New COVID-19 infections, hospitalizations and deaths have been trending downward as the third year of the pandemic begins and Americans learn to live with the virus. There are a couple of troubling signs, though.
First, “stealth omicron,” a variant within a variant known as BA.2, has made its way to the United States. Second, an extra-contagious delta-omicron hybrid, commonly called “deltacron,” may soon push up U.S. cases.
Also, COVID-19 vaccines in general fend don’t fend off BA.2 as well as earlier variants, but do offer strong protection against severe COVID-19 illness, according to the CDC.
Scientists are keeping an eye on deltracron, which shows how wily the coronavirus can be. Dr. Eric Topol, the head of Scripps Research Translational Institute, told The Associated Press a deltacron wave is “inevitable,” especially now that COVID-19 restrictions have been lifted and Americans are returning maskless to restaurants, bars, sporting events and other indoor activities.
The BA.2 strain of the omicron variant now makes up nearly 25 percent of new COVID-19 infections in the U.S., according to the Centers for Disease Control and Prevention. In Georgia and other states in the South, including Florida and South Carolina, the federal agency reports 21 percent of the circulating viruses are BA.2 while the rest is the original omicron.
“Every time the cases come down, I feel relief. It feels great, and to be able to do things you were not comfortable doing before,” Dr. Jesse Couk, an infectious disease doctor at Piedmont Atlanta Hospital told AJC.com. “But we have to look ahead, and this is why we are so focused on Europe. We see this wave in the distance and we don’t know what will happen here.”

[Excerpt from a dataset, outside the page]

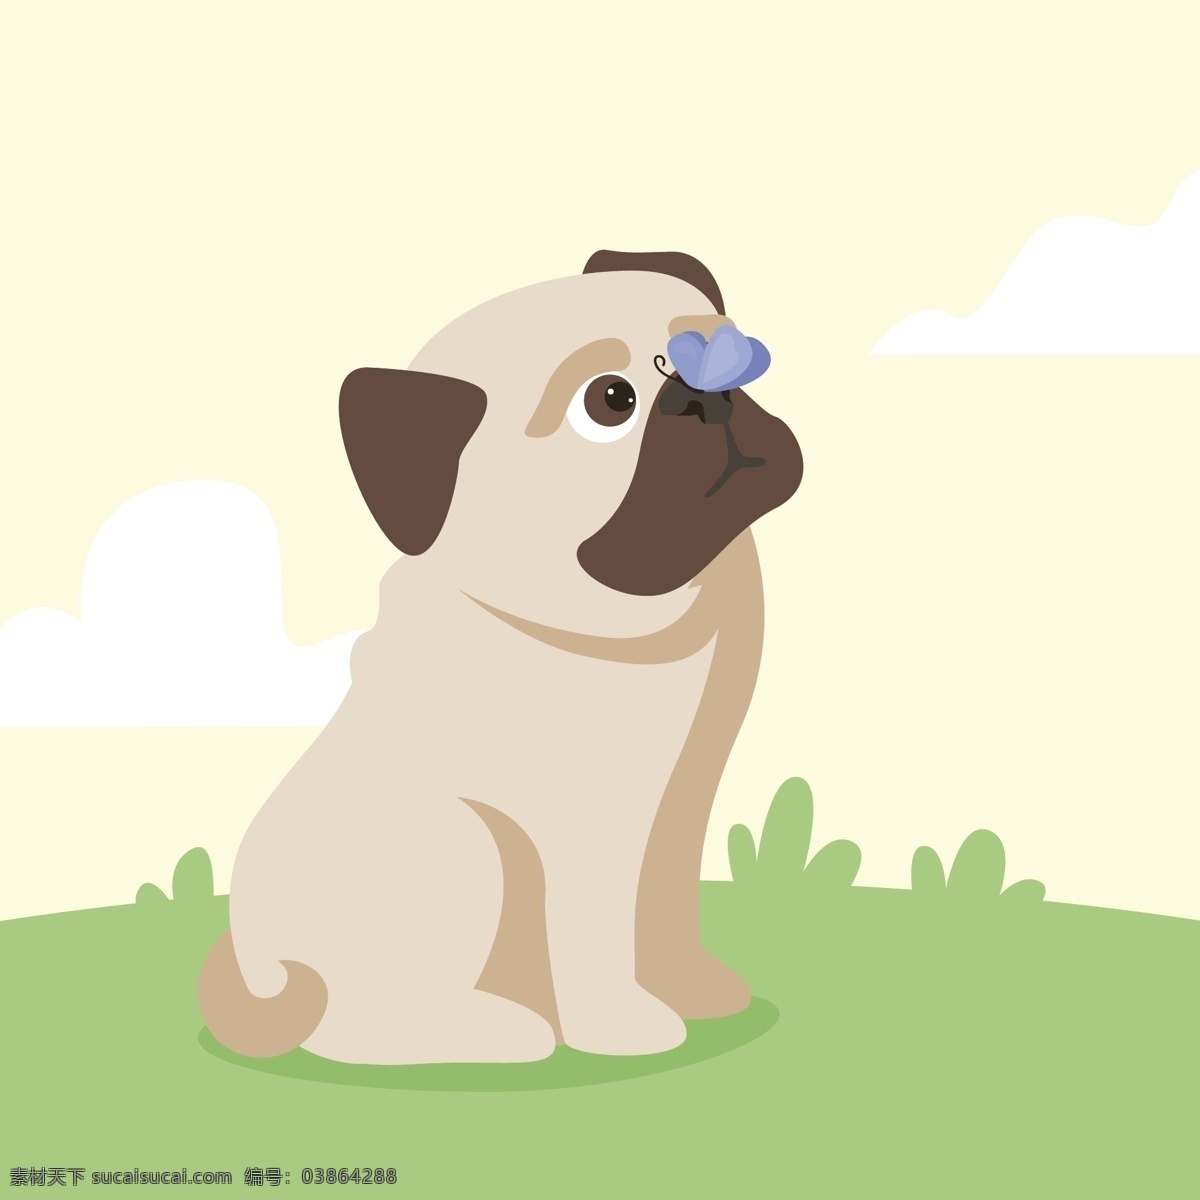 表情 动物 狗 蝴蝶 卡通 可爱 可爱宠物 手绘 语言 扁平
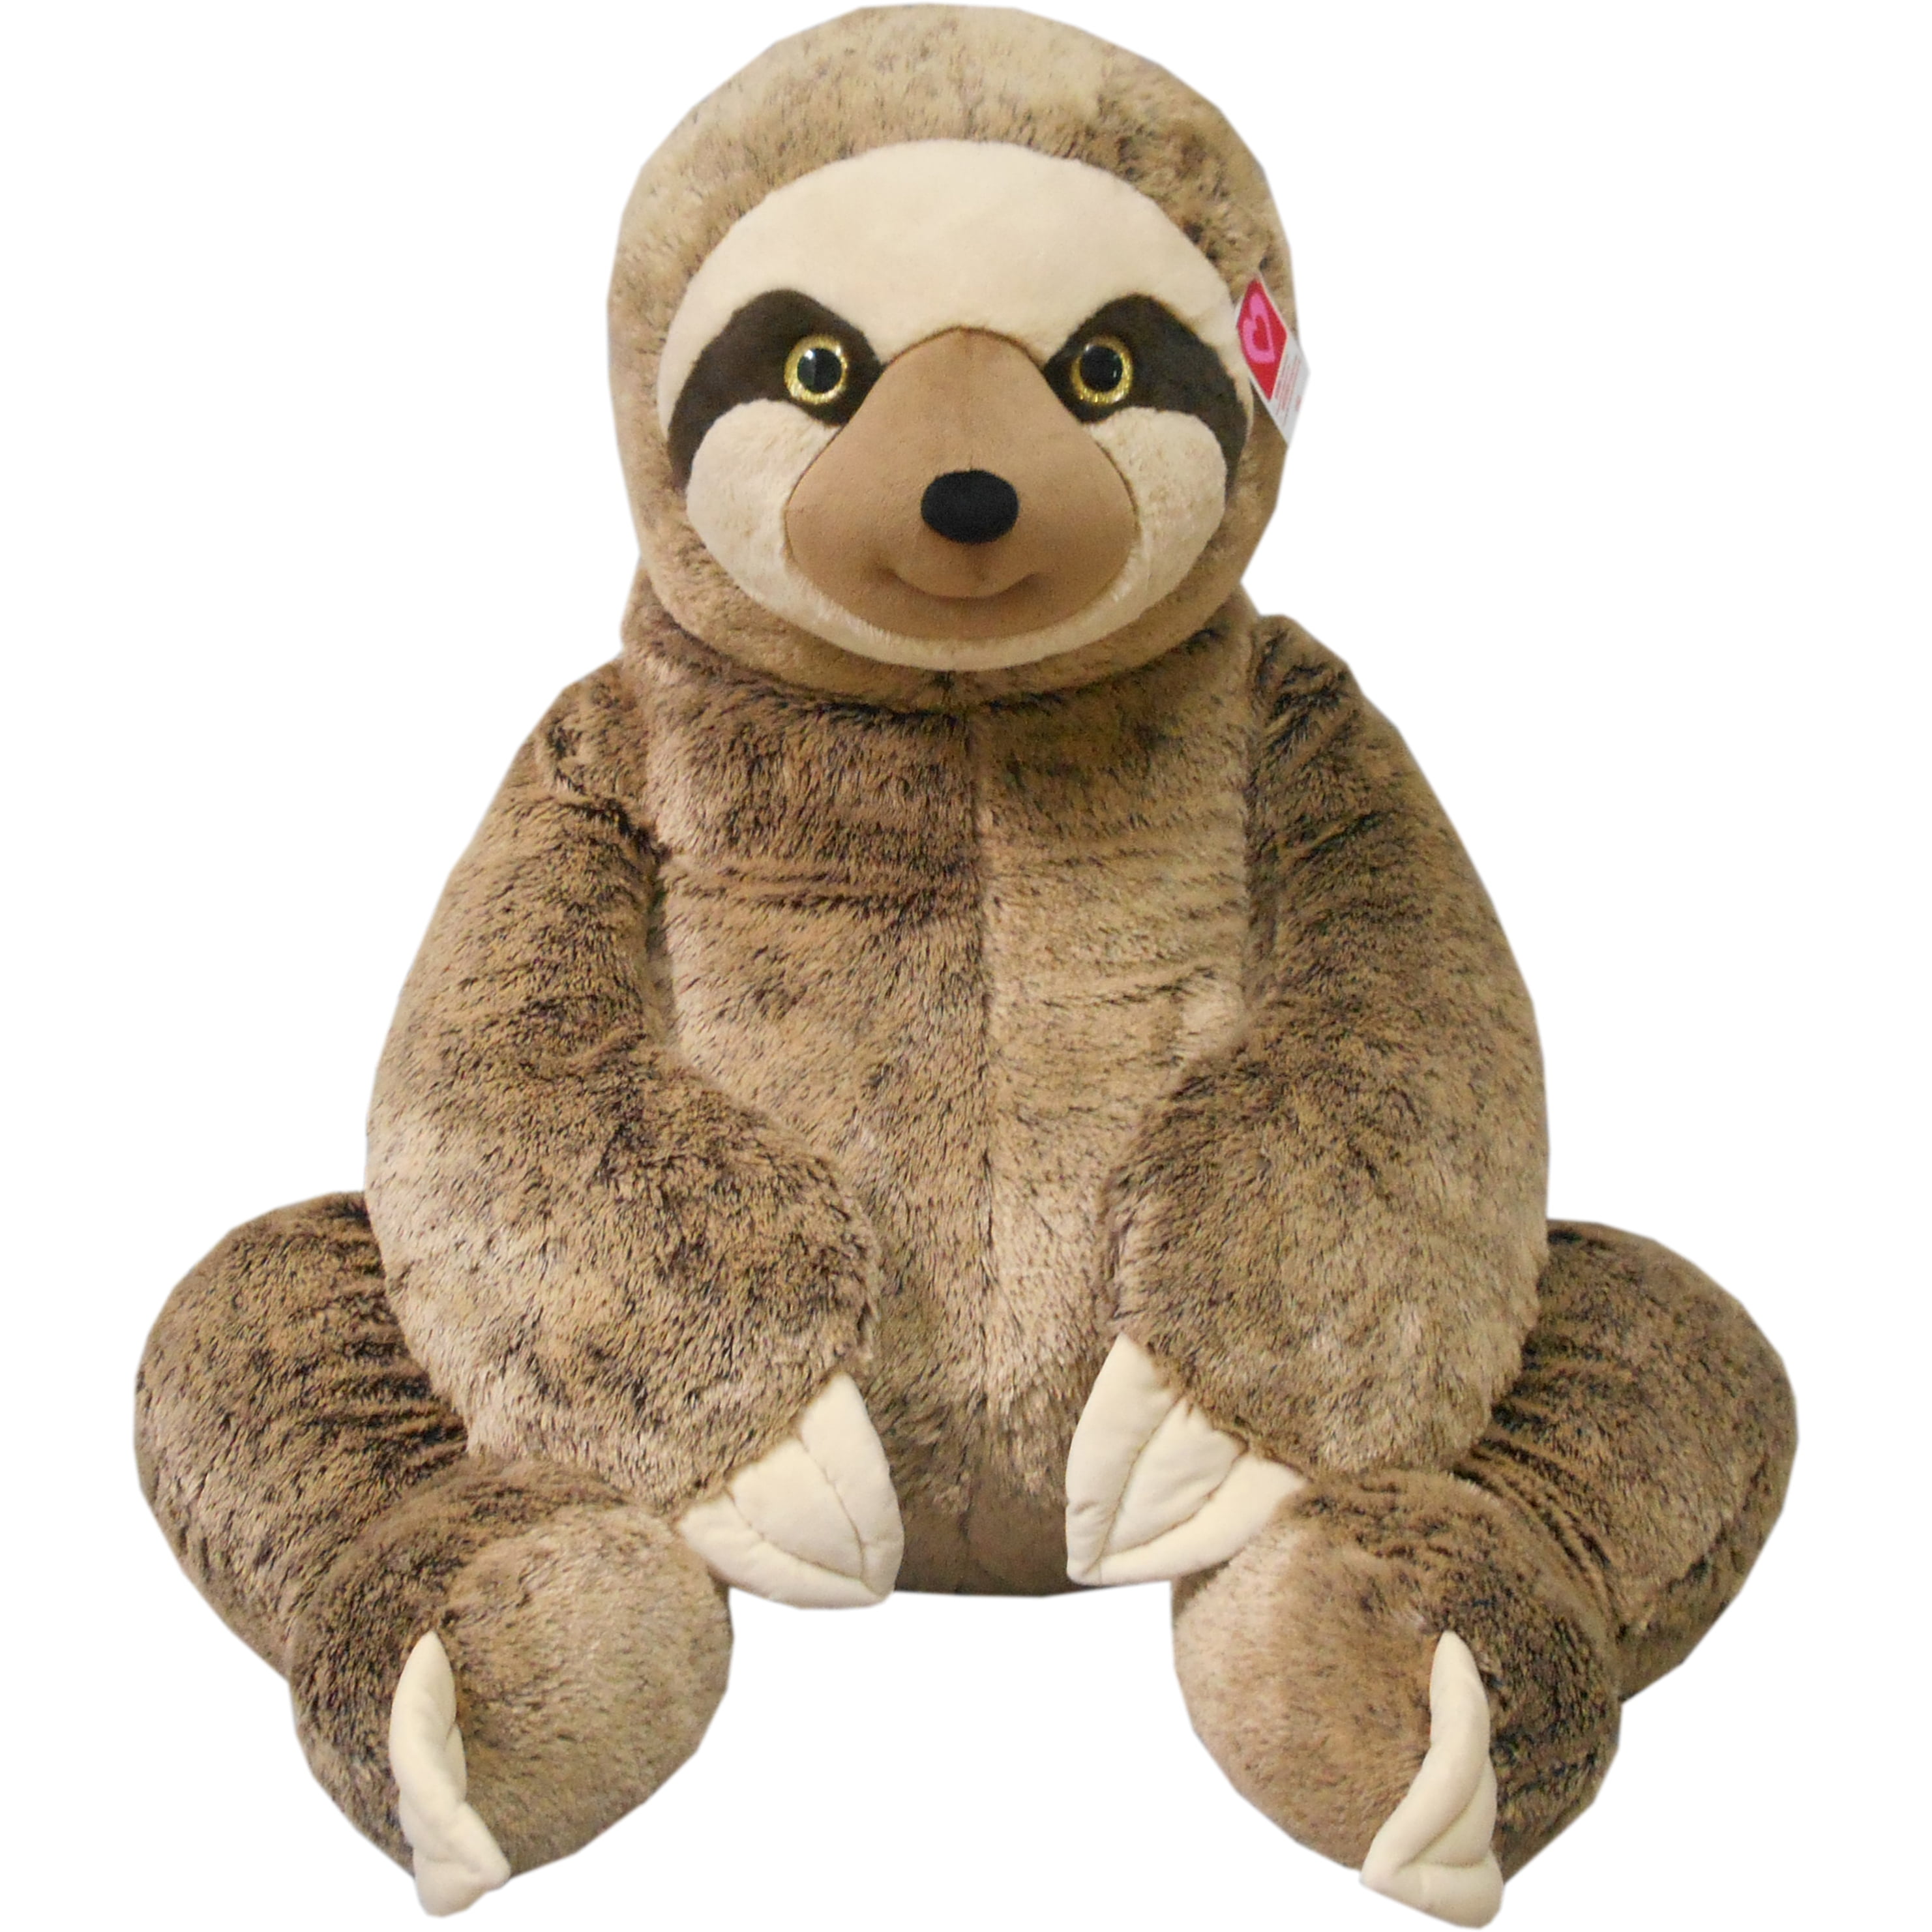 giant rainbow sloth stuffed animal

Moderna conducted its trial during the omicron surge. There were no severe illnesses, and the vaccine was about 44 percent effective at preventing any infection in babies up to age 2, and nearly 38 percent effective in preschoolers.
Moderna’s request to expand shots to 12- to 17-year-olds has been stalled for months over FDA concern about a very rare side effect, an inflammation of the heart that sometimes occurs in teens and young adults, mostly males, after receiving either the Moderna or Pfizer vaccine.
Moderna has gotten extra scrutiny because its dosages are far larger than Pfizer’s. The risk also seems to be linked to puberty, and regulators in Canada, Europe and elsewhere recently expanded Moderna vaccinations to kids as young as 6.
“That concern has not been seen in the younger children,” Northwestern’s Muller told The AP.
The Associated Press contributed reporting.